What is the context of this report?

    Nanotechnology has rapidly promoted the development a new generation of smart and innovative products and processes, and have created a tremendous growth potential for a large number of industry sectors. Nanotechnology and engineered nanomaterials (ENMs) already have had a major impact on electronics, coatings, construction, food technology, the design of new materials such as nanocellulose applications, telecommunication, environmental technologies, medical technologies and drug development, nano-biocide applications and energy production as well as new agriculture, water purification systems and the utilization of solar energy among others. Nanomaterials and nanotechnology applications have also created some concerns about their possible effects on human health and safety and environmental burden.

    Even though there is increasing amount of information of the hazard potential on several nanomaterials, there is a dramatic lack of systematic, and especially relevant, information on the potential hazards associated with these materials.

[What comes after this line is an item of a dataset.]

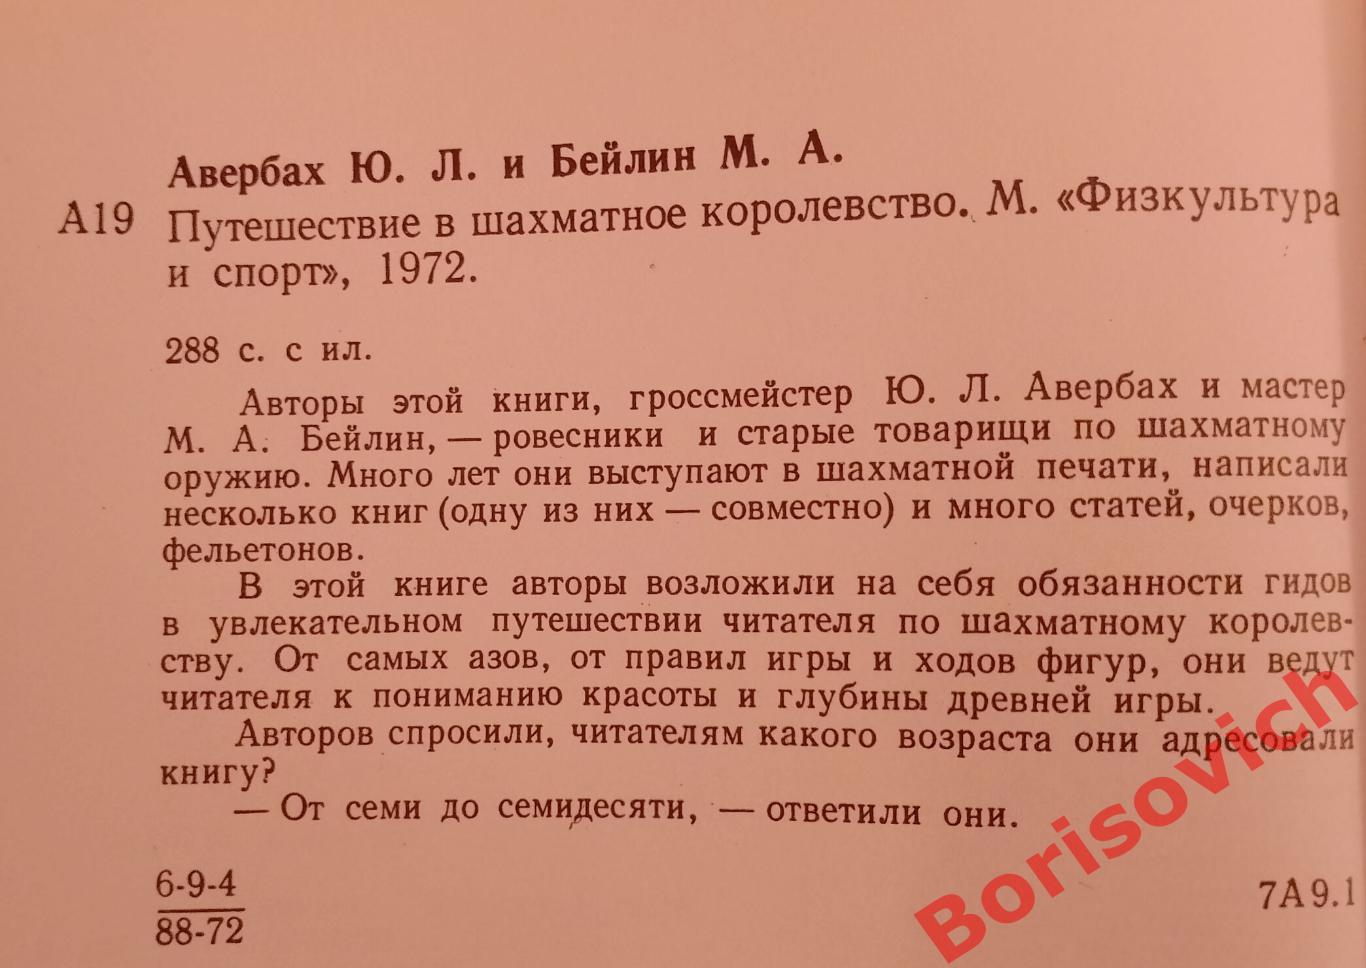 ПУТЕШЕСТВИЕ В ШАХМАТНОЕ КОРОЛЕВСТВО ФиС 1972 г 288 страниц с иллюстрациями 1
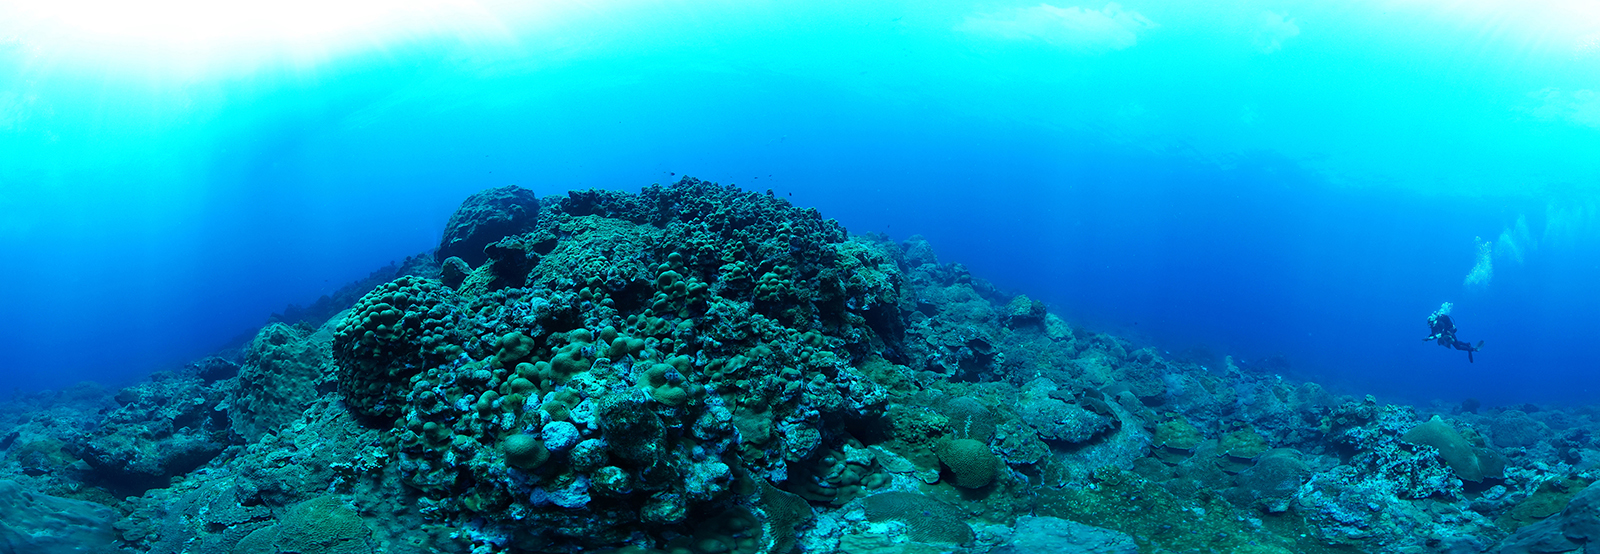 Une photo sous-marine panoramique de coraux sains recouvrant un récif

    The current debate, including the lack of regulatory clarity, and the uncertainty surrounding the potential risks of nanomaterials have had a negative effect on the development, uptake and exploitation of nanomaterials in the European domain and have been identified as major barriers to innovation based on these technologies. To overcome these barriers, the development of a sound science-based foundation from which one can build a trustworthy and affordable safety framework is mandatory.

    The goals of this document are to describe the current level of knowledge of the safety of nanomaterials and nanotechnologies, to identify knowledge gaps, and to set out concrete goals for the research on safety of ENM within the foreseeable future.

    What are the objectives of the European NanoSafety Cluster?

      The European Commission is considering a new Action Plan for Nanotechnology, addressing the technological and societal challenges and strengthening the research and innovation efforts, with increased emphasis on sustainable development, competitiveness, and environmental, health and safety (EHS) issues.

      In this context, the European NanoSafety Cluster is an initiative of the Research and Innovation Directorate General to bring together current research projects all across Europe that adress in a coherent and harmonized all aspects of nanosafety in its various dimensions, including a discussion forum and a dialogue with all stakeholders involved. About 100 scientists contributed to this report.

      As public confidence in nanotechnology is crucially important if these products are to achieve commercial success, neutral and reliable communication and dialogue with the different stakeholders (regulators, industry, various interests groups, representatives of media and the public at large) associated with nanosafety can markedly enhance the acceptability of safe and trustworthy nanomaterials and associated technologies and promote a new safety culture in nanotechnologies. Dissemination of reliable information on nanosafety, and outreach to various stakeholder groups will all help assuring the general public and decision-makers that health and environment aspects are being taken into account

      The goals of this document are to describe the current level of knowledge of the safety of nanomaterials and nanotechnologies, to identify knowledge gaps, and to set out concrete goals for the research on safety of ENMs within the foreseeable future.

      What is the definition of a nanomaterial for this report?

        Figure : Size of objects in a nanometer scale. (modified from:
								National Cancer Institute, USA).

        The usual definition of nanometerial is simply something that has a size in the range of nanometers (usually 1-100nm), but this does not reflect the diverse nature of nanomaterials. The definition used here is the one that the European Commission adopted in 2011 :a ‘nanomaterial’ is: a natural, incidental or manufactured material containing particles, in an unbound state or as an aggregate or as an agglomerate and where, for 50 % or more of the particles in the number size distribution, one or more external dimensions is in the size range 1 nm-100 nm. In specific cases and where warranted by concerns for the environment, health, safety or competitiveness the number size distribution threshold of 50 % may be replaced by a threshold between 1 and 50 %. »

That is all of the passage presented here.